Interfacial tension gradient driven self-assembly of binary colloidal particles for fabrication of superhydrophobic porous films.

Hypothesis: Self-assembly of two types of particles into the binary colloidal crystals (BCCs) leads to the peculiar features which the monocomponent colloidal crystals do not possess. However, the self-assembly methods of the BCCs are still limited.

Experiments: A facile, cost-effective and controllable approach was presented to fabricate the BCCs by directly dripping silica particle suspensions containing water and ethanol into the monodisperse polytetrafluoroethylene (PTFE) colloidal solutions. The BCCs composed of the silica and PTFE particles were formed at the air-liquid interface and picked up using the target substrates, followed by the corrosion of silica particles. Using this strategy, various ordered porous PTFE films including homo-pore-size mono/multilayer and hetero-pore-size bilayer films were prepared. The chemical composition of the porous films was well controlled.

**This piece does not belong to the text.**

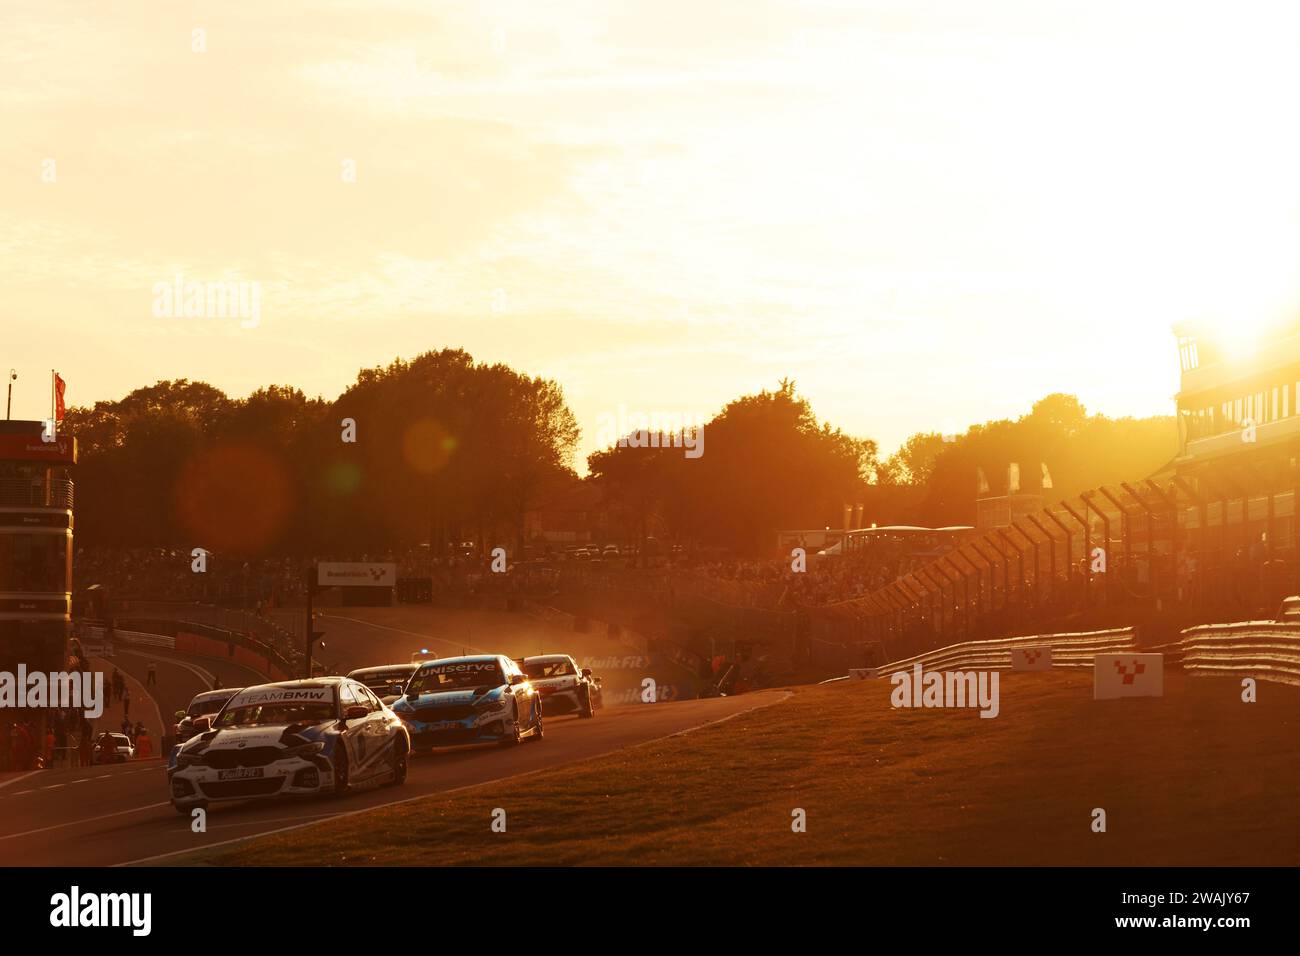 Stephen Jelley Racing al tramonto a Brands Hatch Foto Stock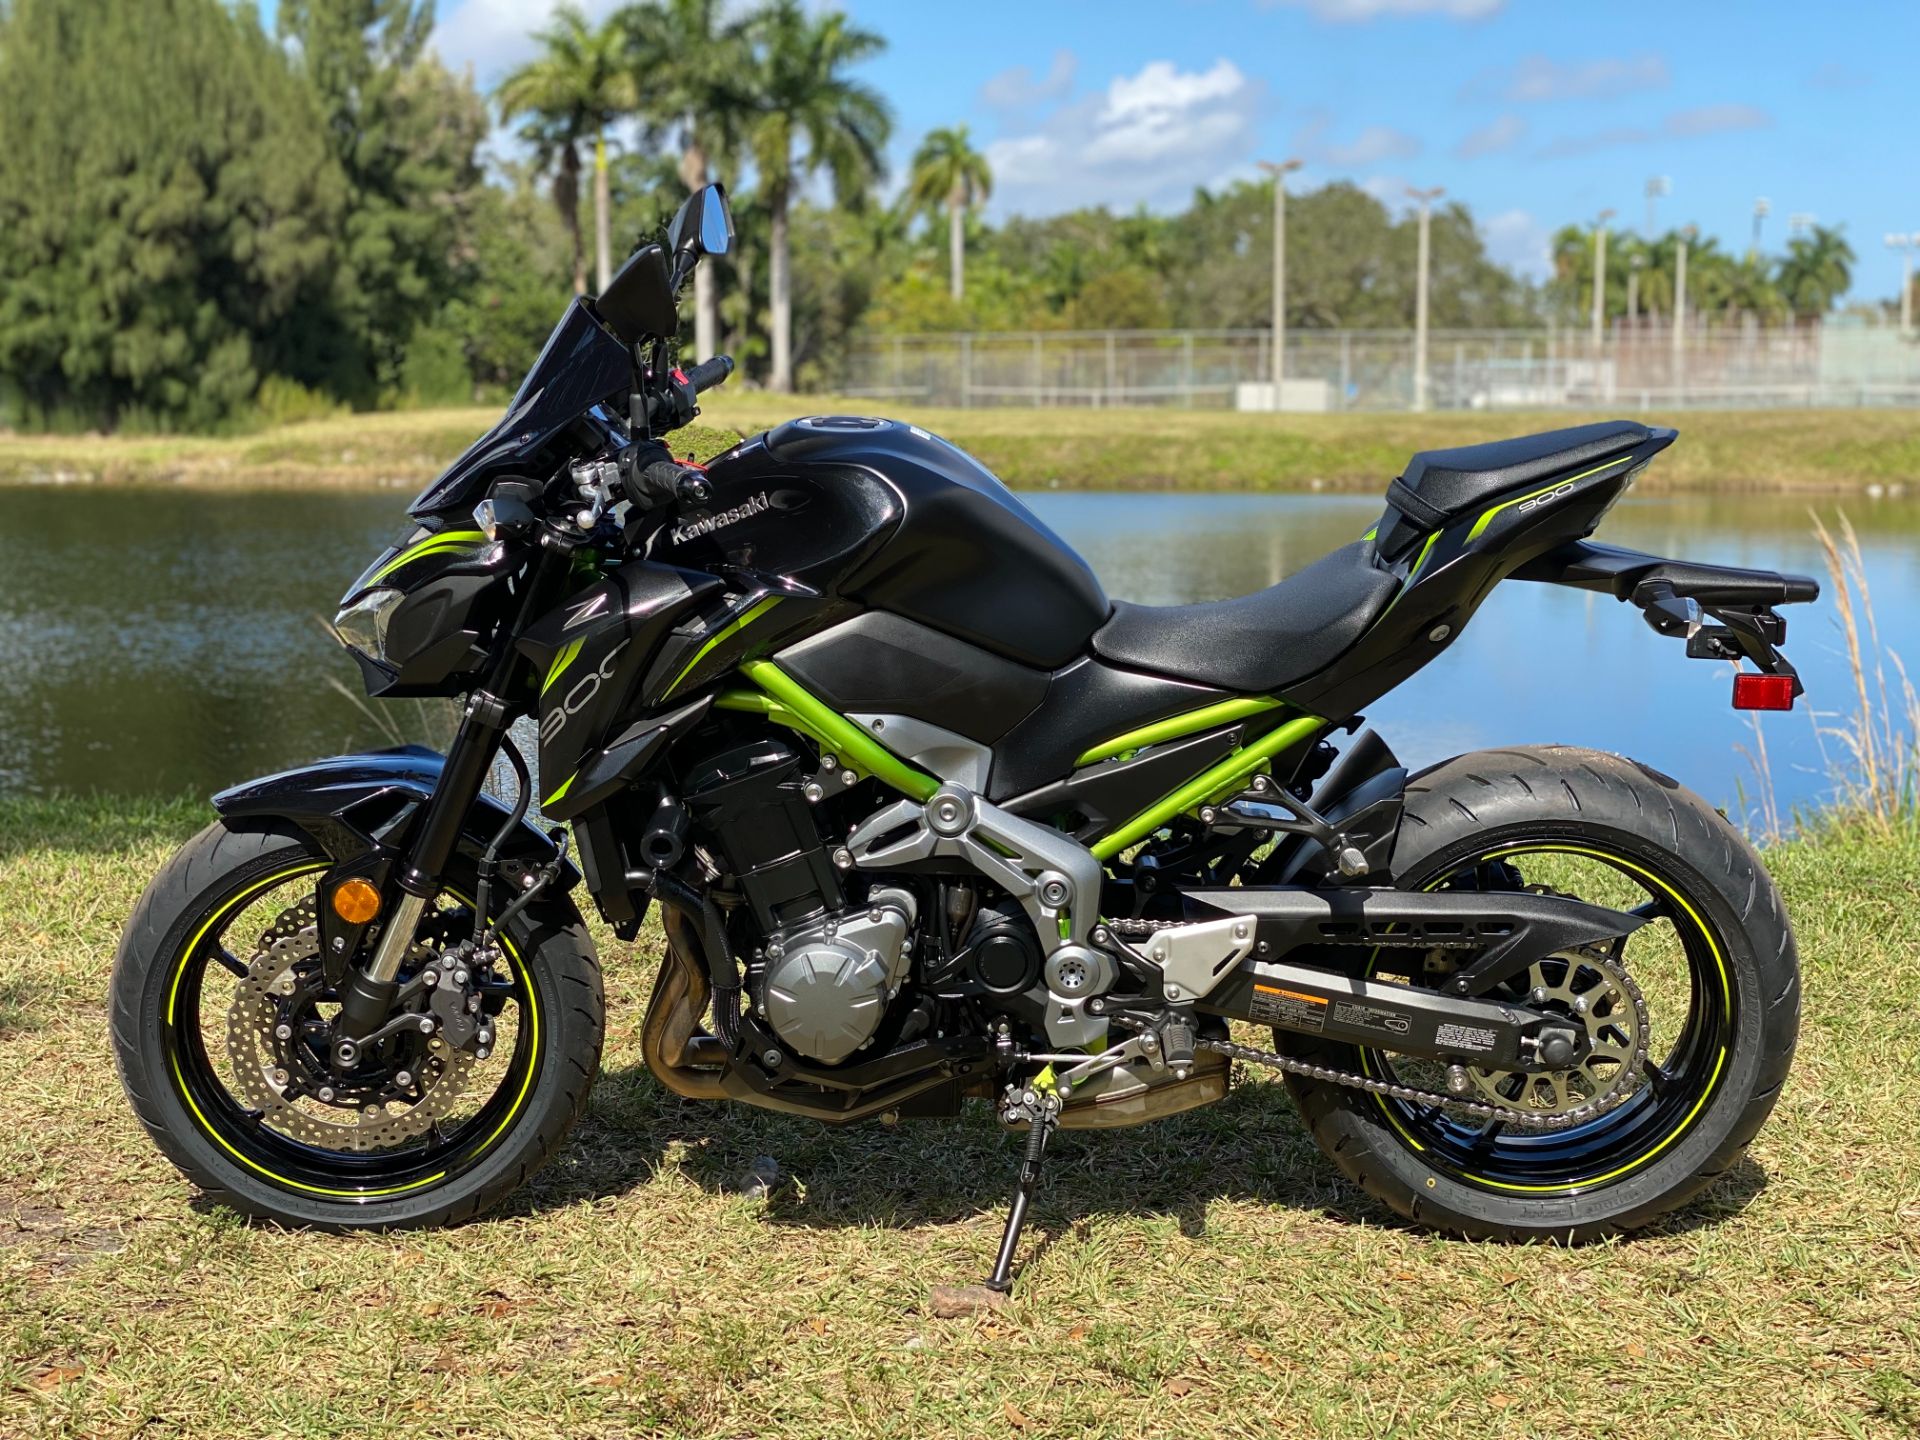 2019 Kawasaki Z900 in North Miami Beach, Florida - Photo 18

Findings: The dissolution of ethanol resulted in the interfacial tension gradient, and thus the Marangoni convection and the relative movement of the liquid and the particles emerged. The silica particles were trapped at the air-liquid interface and the PTFE particles filled the interstitial spaces between the silica particles. After the porous films were sintered at temperatures above the melting point of PTFE, the PTFE particles were transformed into nanofibers, leading to the transferability, excellent superhydrophobicity and environmental durability.